And 6, establishing the maximum and minimum subproblems of the worst scene identification.

And 4, the sub-problem is the problem of identifying the worst scene, the scene causing the maximum violation of the safety specified value of the system is found through the double-layer max-min problem shown in the step 4, namely the specific value of the uncertain quantity in the worst scene is determined, and the double-layer max-min problem is converted into a single-layer bilinear maximum optimization sub-problem shown below through a dual theory.

And 7, solving a two-stage adjustable robust model considering the joint thermoelectric demand response by utilizing a CCG (column and constraint generation) method.

(7.1) Main problem

Ax+By≤b

(7.2) sub-problem

(7.3) CCG solving step

Step (7.3.1): let the iteration counter s =0 set the maximum value epsilon allowed by the system for violating the safety regulations ^RO 。

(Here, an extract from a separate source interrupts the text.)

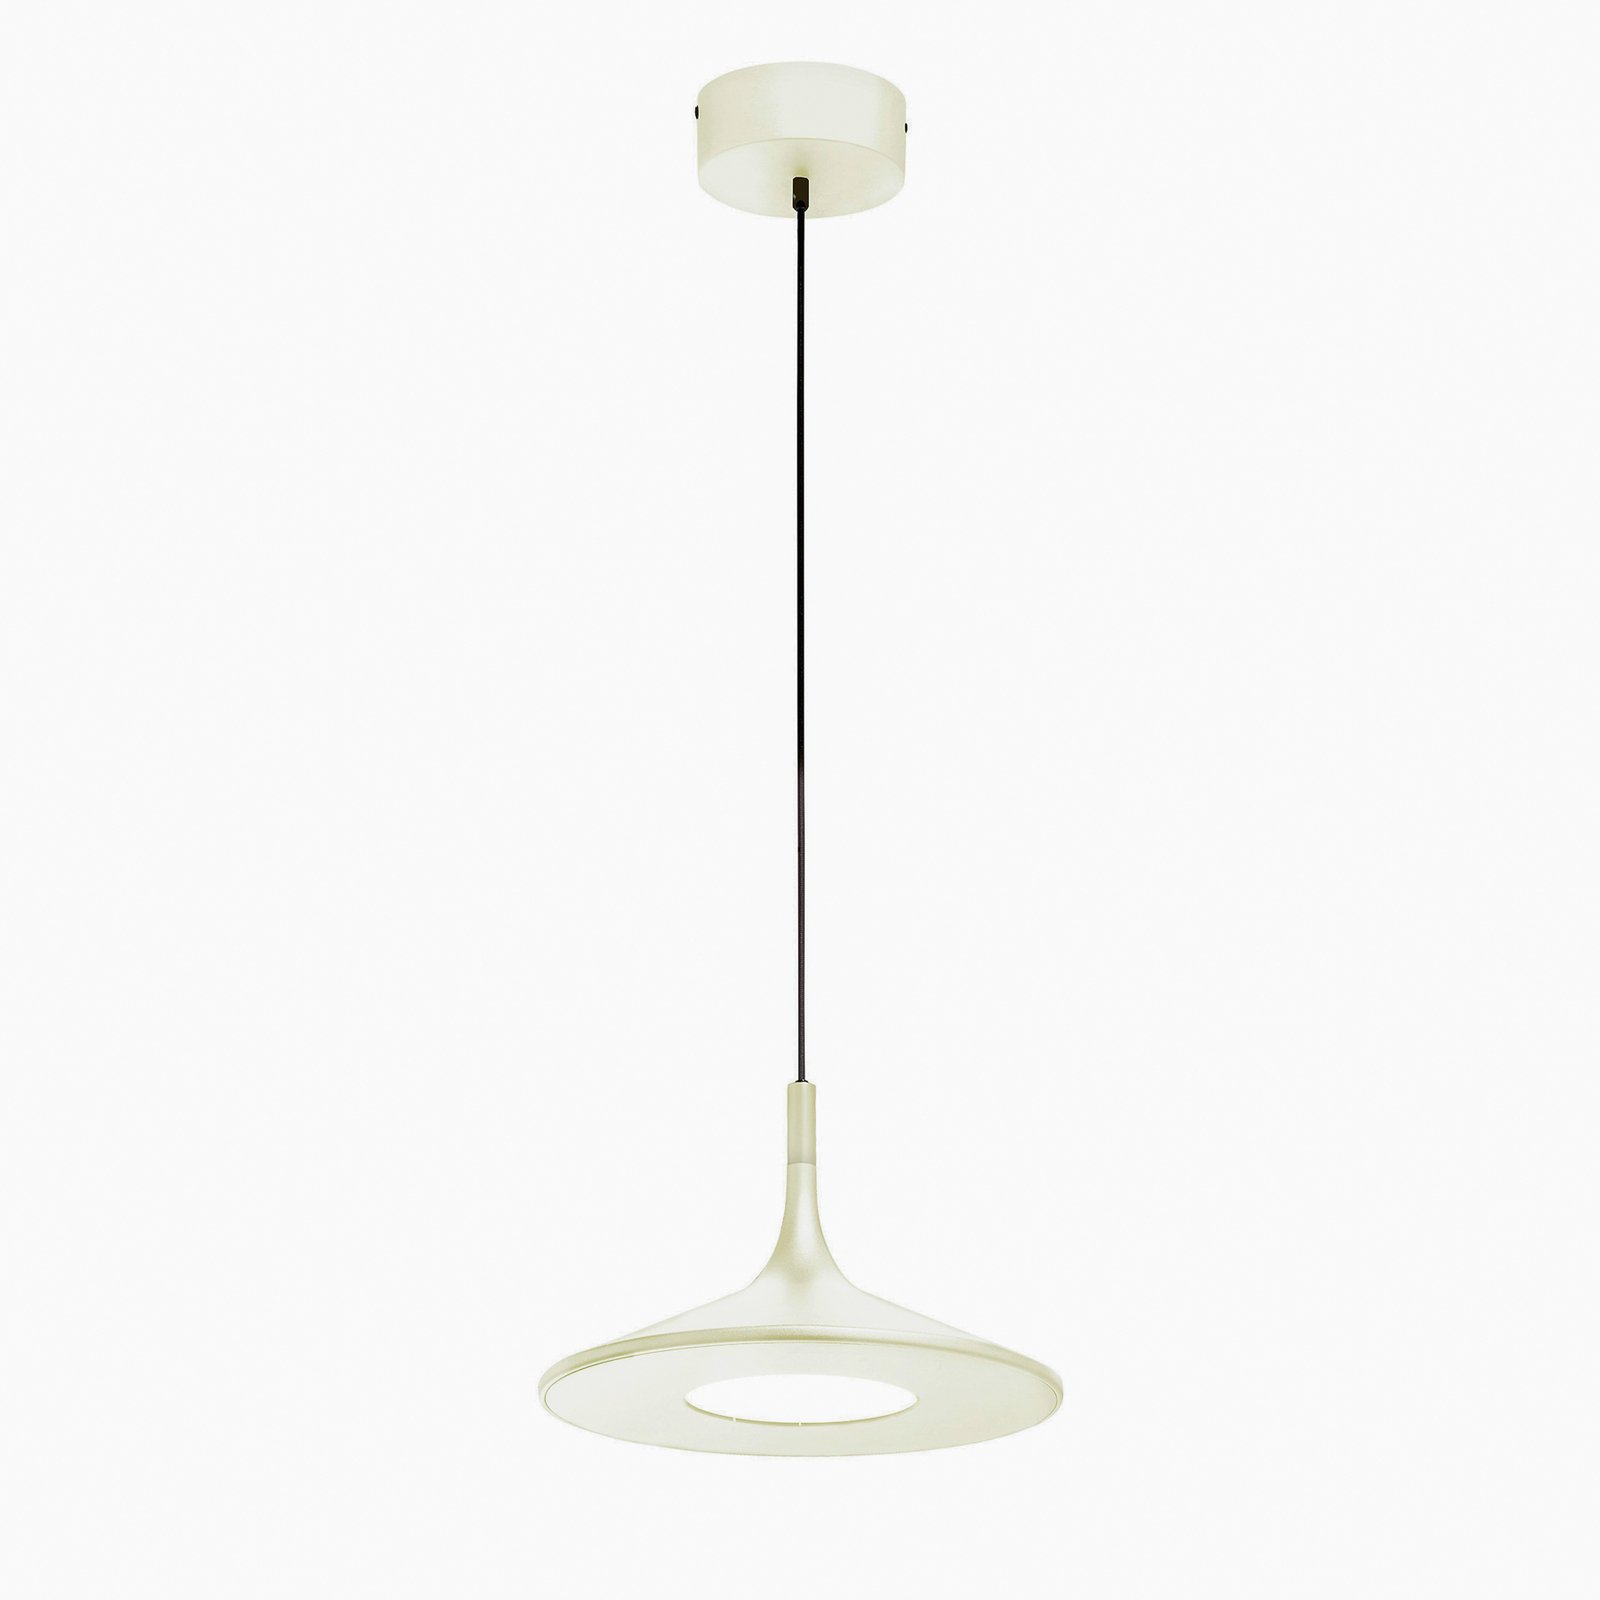 Schöner Wohnen Slim LED hanging light, white

Step (7.3.2): solving the main problem, if the main problem is solved, obtaining a system unit starting and stopping state x and a unit output arrangement y, and performing the step (7.3.3); otherwise, stopping iteration and outputting no solution.

Step (7.3.3): and (4) solving the maximum and minimum subproblems according to the x and y obtained by the solution in the step (7.3.2), and finding out the wind power and photovoltaic output under the worst scene which causes the maximum possibility of violating the safety specified value.

Step (7.3.4): if the maximum possible violation safety provision resolved in step (7.3.3) is less than ε ^RO Then x and y are the final optimization solution and the iteration is stopped; conversely, let s = s +1, according to the worst scene solved in step (7.3.3)Lower wind and photovoltaic output value

The CCG constraint shown below is added to the main question, returning to step (7.3.2).

f ^T v _s ≤ε ^RO

And 8, inputting the data of the park comprehensive energy system, and further comprising the specific composition, energy price, equipment parameters and values of each energy conversion equipment, demand response proportion, new energy output fluctuation conditions under a basic scene and a worst scene, maximum violation safety specified values, predicted values of new energy output and load and the like of the park comprehensive energy system, and solving the two-stage adjustable robust optimization operation model of the park comprehensive energy system by adopting a commercial solver Gurobi to obtain a robust optimization scheduling result.

The effects of the present invention will be described in detail below with reference to specific examples.

(1) Introduction to the examples.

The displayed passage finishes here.